I start clicking. Click and listen click and listen click and listen. A nurse comes in to remove my catheter. We don’t speak much. At least I don’t have to make eye contact. She says I’m to start using the bathroom. Jack’s orders. She says the door is on the wall opposite from my bed. She sounds like one of those large women you see in southern church choirs. I smile and name her Aretha in my head as she walks out and shuts the door behind her.
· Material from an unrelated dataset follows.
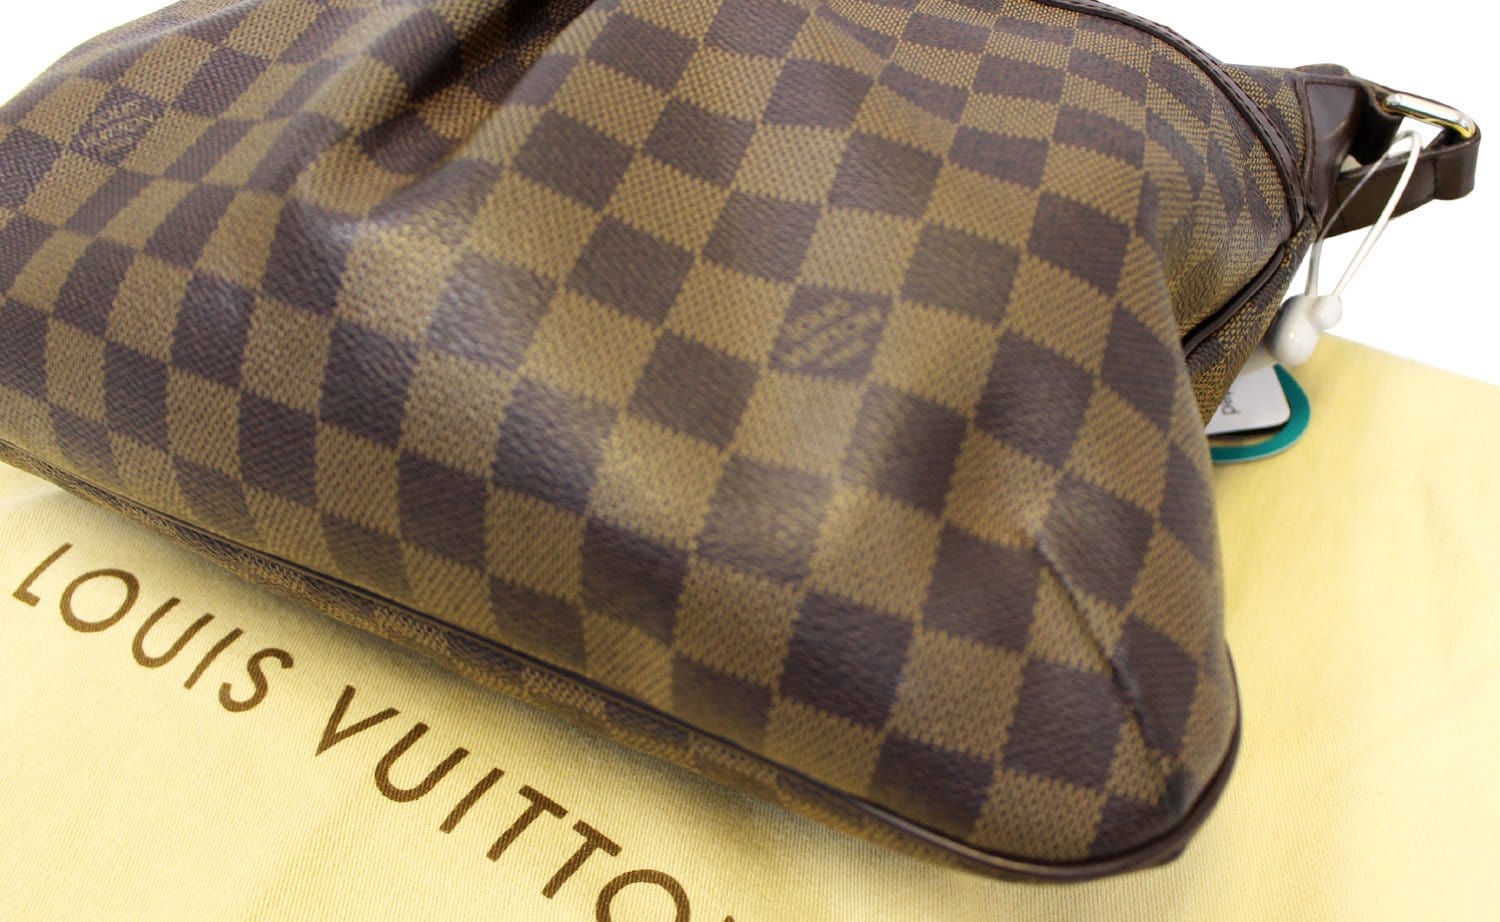 Louis Vuitton N42251 Bloomsbury PM Damier Canvas Crossbody / Messenger Bag  (DU4029) - The Attic Place

The days and nights start to blur together like some sort of weird time soup. I can only tell the difference between the two by the level of activity I hear outside of my door. Jack comes and goes. He starts calling me Batman in his Magnum P.I. voice. And I practice. Walk click listen, walk click listen. Over and over. But now, the black in my mind starts to melt. It’s oil diluted by the thinning agent of sound. The walls and the obstacles and even the moving people around me start to take shape. They pulse in my mind’s eye with each one of my clicks. At first, it’s all greys and muted blacks. But then my brain starts to fill in the blanks. It paints by number. I start to see flesh tones on the moving people and the walls become eggshell white. Running water is a lipid blue, and when I go outside with Jack, the trees turn green under my click and through the wind’s susurration. It’s beautiful. The world starts to open and I feel my eyelids close reflexively because the light is too bright in my cloistered mind. How wonderful they are, these colors and these shapes and these tangible textures that I can feel with a click. How wonderful it is to see.